In a Sept. 2 letter to the Board of Supervisors, the Sunshine Ordinance Task Force noted that it found Daly had trampled the rights of one David Schneider during a rules committee meeting over the summer. "We do feel [Daly] violated the spirit if not the letter of the law," task force chair Richard Knee told SF Weekly.
Here's the situation in as truncated a manner as we can muster:
Schneider, a cab-driver, attended the meeting so as to comment on a taxi reform measure. Yet Daly, the acting chair for the committee, tabled that motion -- and forbade Schneider from commenting on the matter (or commenting on Daly's decision to withdraw the motion). Knee and his colleagues feel this was presumptuous and needlessly made life difficult for the cabbie; there was no guarantee the man could come at a later date. That being said, the problem may be less with Daly than the system: While public speakers can (and do) yammer on about anything they wish during "general comments" during Board of Supervisors meetings, during committee meetings there is no such time period. Knee hopes the board will allow a general comment section during committee meetings in the future.

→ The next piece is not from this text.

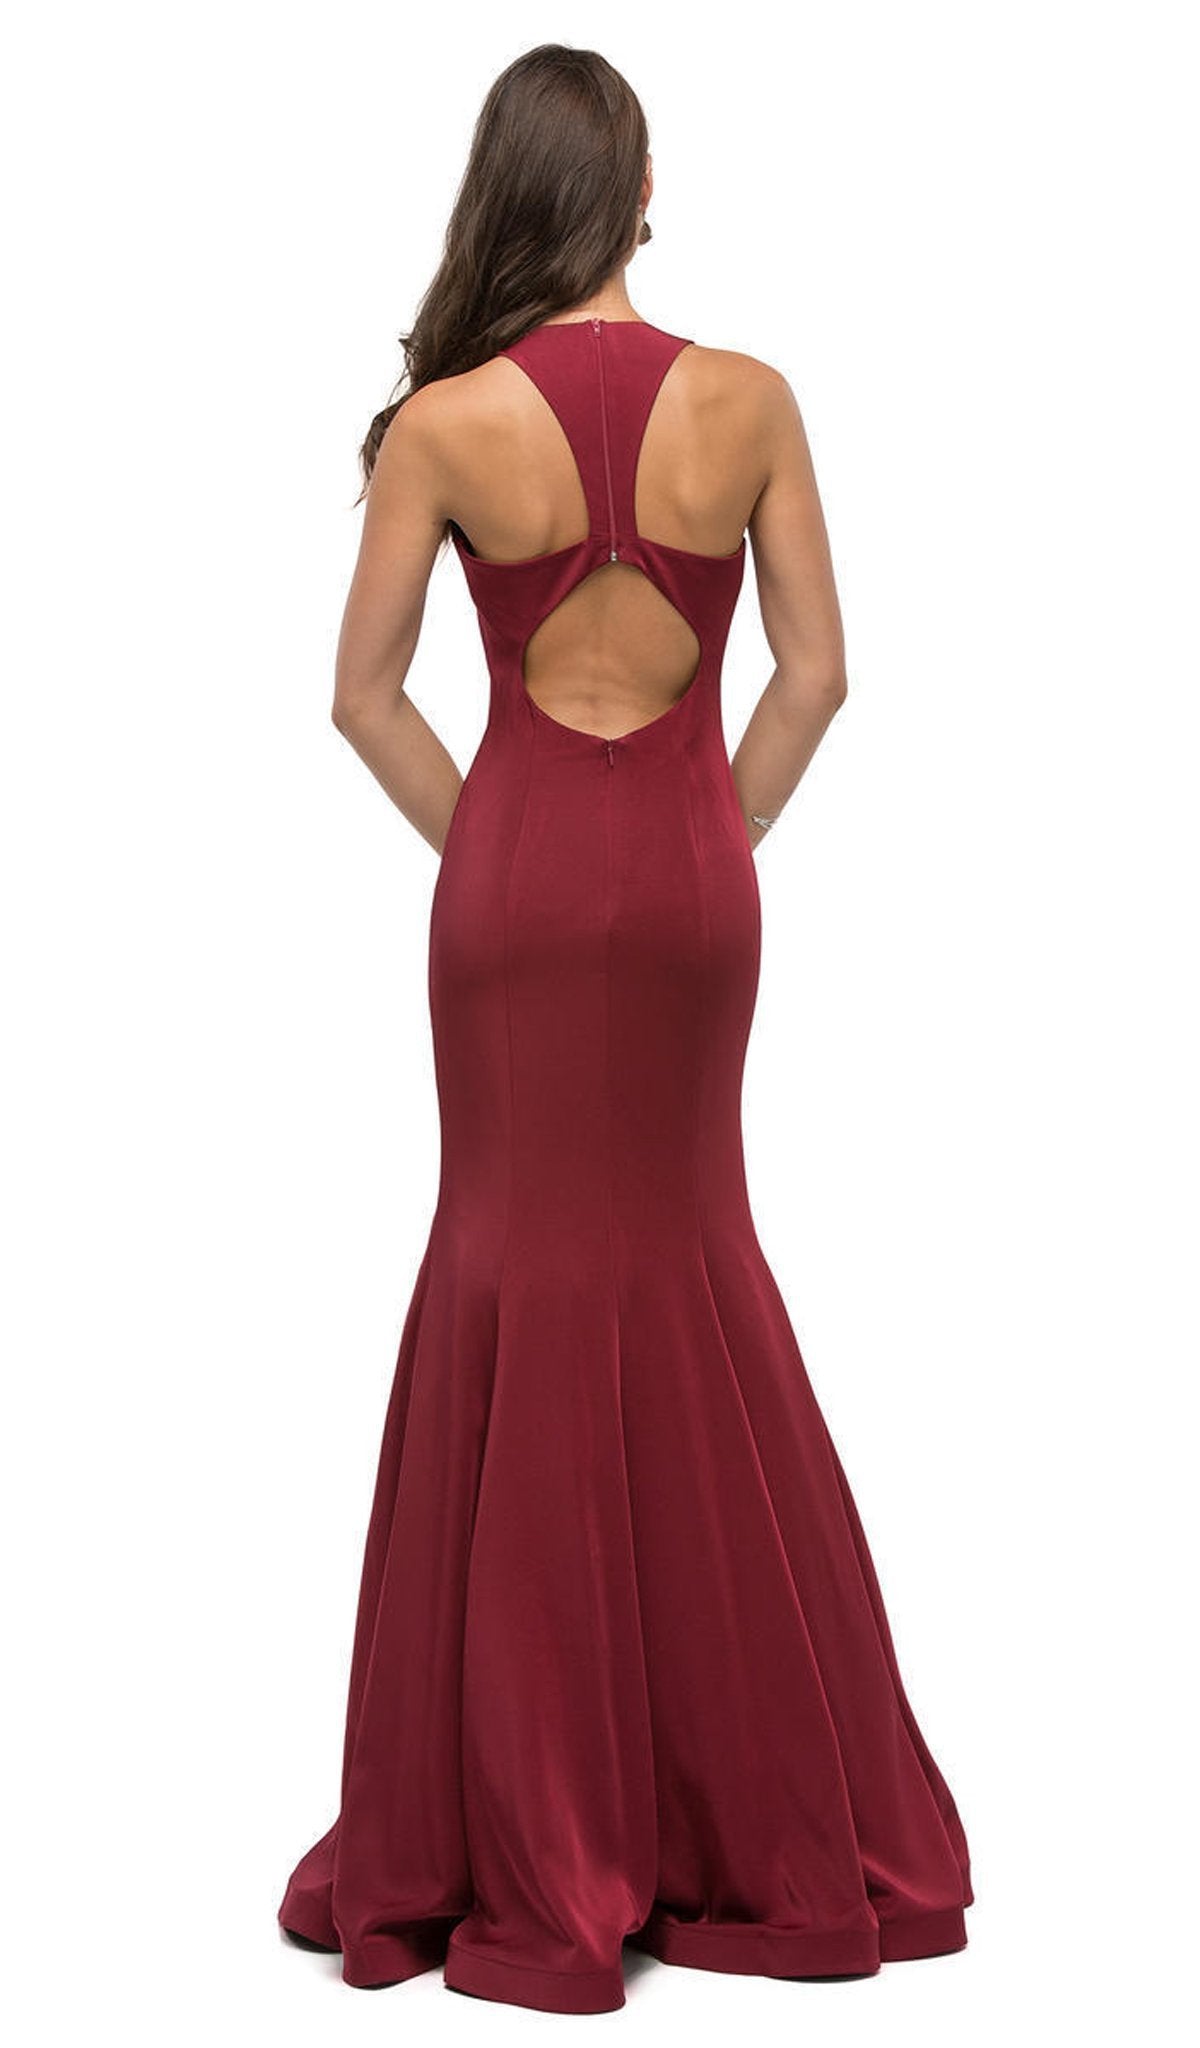 Dancing Queen - 9637 Magnificent V-Neck Racer Back Prom Dress Special Occasion Dress

If you're feeling conflicted here -- that's natural. While it'd be tempting for Daly's detractors to chalk him up as a bully who believes in openness and good government until it doesn't suit him -- this is a highly technical violation (and if he was anything less than a gentleman during the whole meeting in question, it isn't apparent via Schneider's complaint). And, quite honestly, the result of allowing people to discuss anything they wish during the Board's general comment period is that people really do discuss anything they wish. Basically, imagine the peanut gallery in a crosstown bus grabbing the microphone and telling our elected officials about the real problems in this city -- if only they'd open their goddamn eyes! Is this really necessary at the committee level as well?
Finally, once again, it was a surprise that of all Daly's problematic interactions with the public, this was the instance that triggered the first Sunshine Ordinance complaint Knee could recall. But if Daly was less than Solomonic in his Sunshine-related judgment -- he's got company.
"There are a number of supervisors who are, on the whole, very Sunshine-friendly," Knee said. "But, at the same time, there have been instances where perhaps their own actions are not in the spirit or maybe even the letter of Sunshine."